Health experts say they're skeptical that the world has learned from COVID-19 as rich countries battle monkeypox outbreaks. (CBC The World This Weekend)

The path to even the playing field for low and middle-income countries, according to some experts, is to remove intellectual property protections on essential vaccines and treatments. 

Rich countries invest enormous amounts of money in vaccine manufacturing companies during emergencies, said Titanji. That gives them leverage to make funding contingent on giving lower and middle income countries an equal chance to buy them at a fair price, she said.

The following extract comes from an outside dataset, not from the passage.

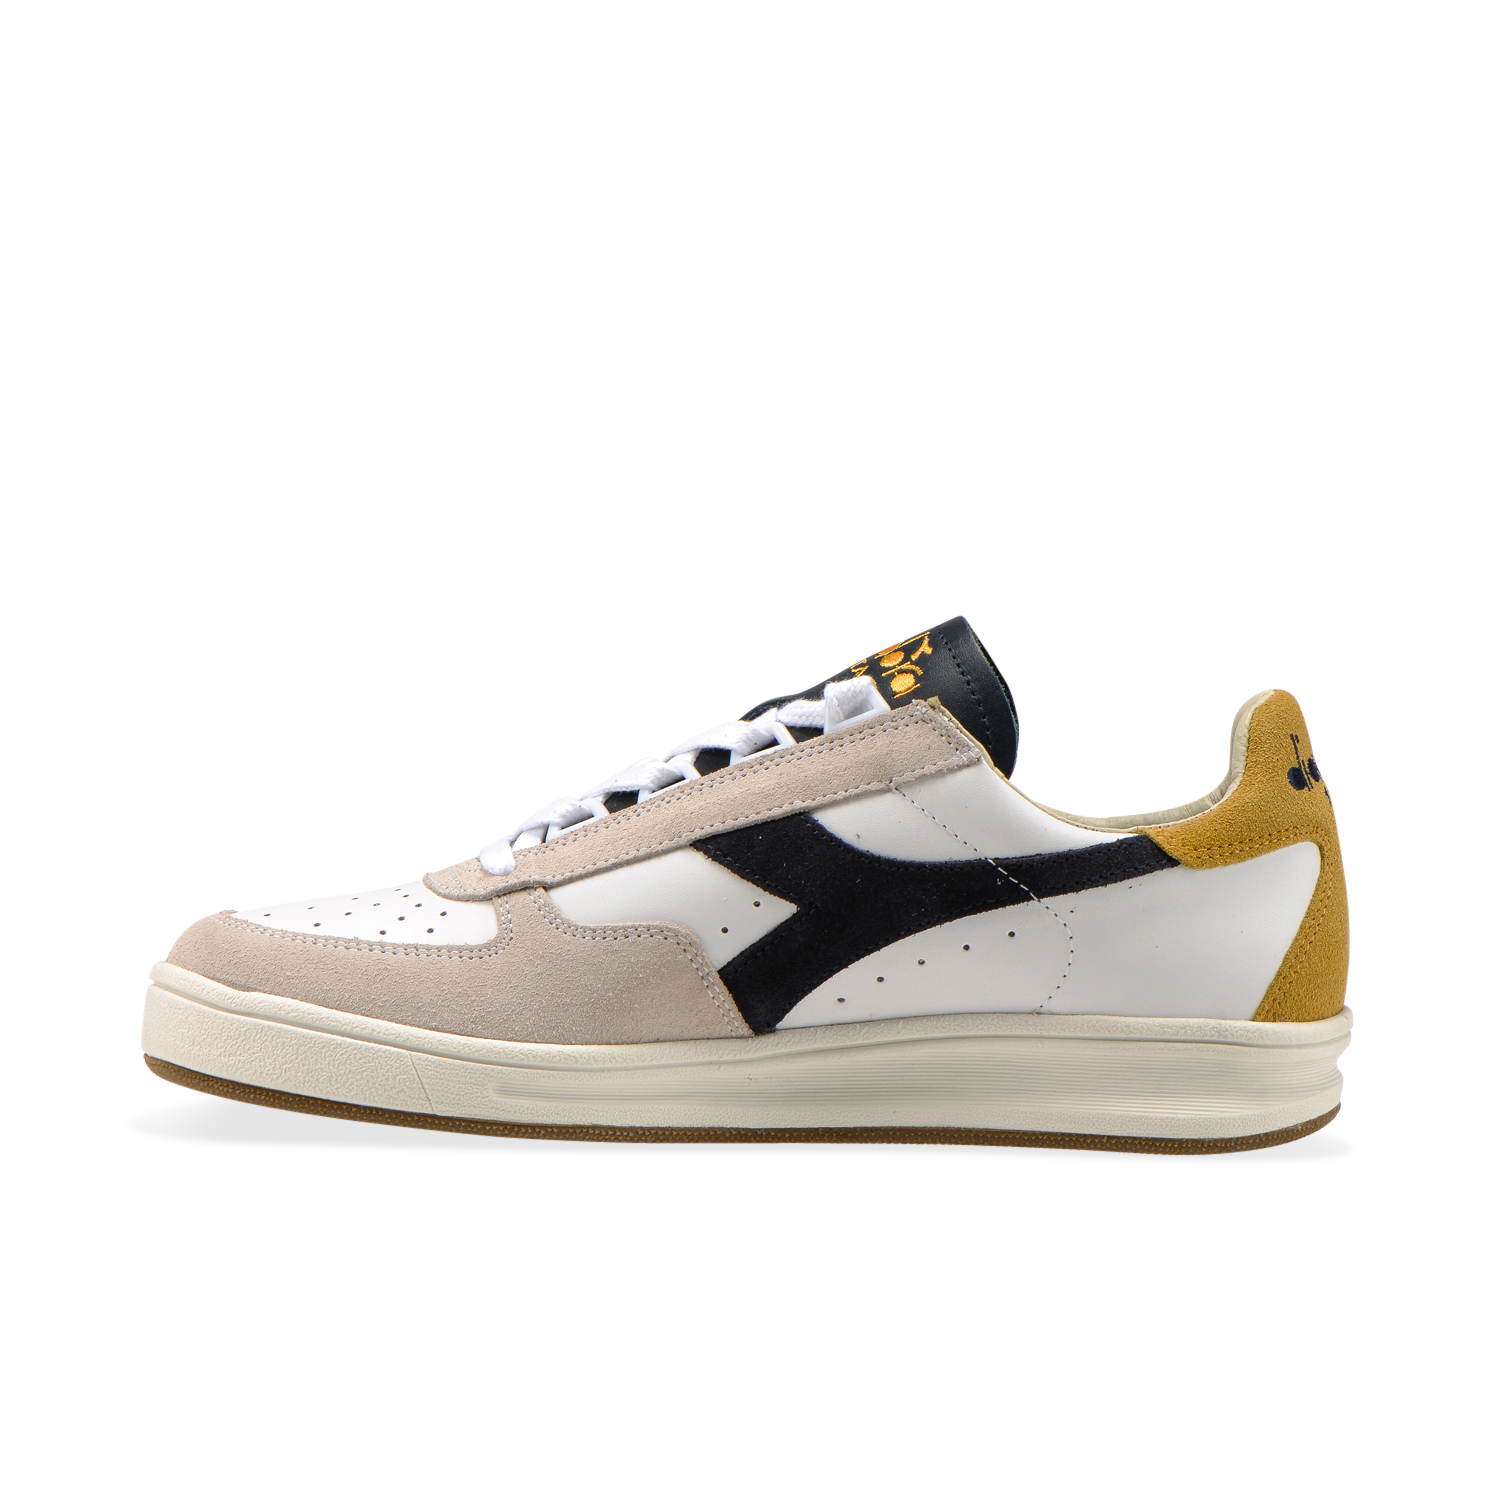 Diadora Heritage - Sneakers B.ELITE S L for man and woman | eBay

Dr. Mary Stephen, technical officer at the WHO Regional Office in Brazzaville, Republic of Congo, says it's critical to develop Africa's capacity to manufacture its own vaccines and therapeutics. (Dr. Mary Stephen)

But an even better solution, experts said, is to make sure Africa is able to mount its own emergency responses to epidemics, rather than being forced to wait for charities and rich nations to act. 

"If we want to build a resilient system, there is much, much, much to do beyond just the donation of vaccines," said Dr. Mary Stephen, technical officer with the Health Emergencies Program at the WHO Regional Office in Brazzaville, Republic of Congo. 

"Just imagine if …  countries on the continent were able to produce their own PPE, were able to produce their lab reagents, their test kits. [If] they were able to produce vaccines, medicines … it will go a long way," she said. 

An important step in building that self-reliance has been the opening of the "mRNA Vaccine Hub for Africa" in Capetown, South Africa, supported by WHO. Scientists there have produced its first batches of COVID-19 mRNA vaccine. 

As Africa works toward health care self sufficiency, it's important for the world to remember that the continent has already made significant contributions to global health, Titanji said.

For instance, African participants in many clinical trials have enabled the development of HIV/AIDS treatments received by patients in rich countries, she said. 

Now that the world is confronted with monkeypox, Africa has decades of knowledge about the virus that wealthy nations are relying on, Titanji said. 

"It's 50 years of research by African scientists, sometimes with incredible challenges to publish this data," she said of monkeypox studies, including one on health-care workers in Congo that tested the effectiveness of the Imvamune vaccine. 

"We are building on that now to be able to address outbreaks in non-endemic countries, meanwhile, leaving the very people who contributed to that body of knowledge behind."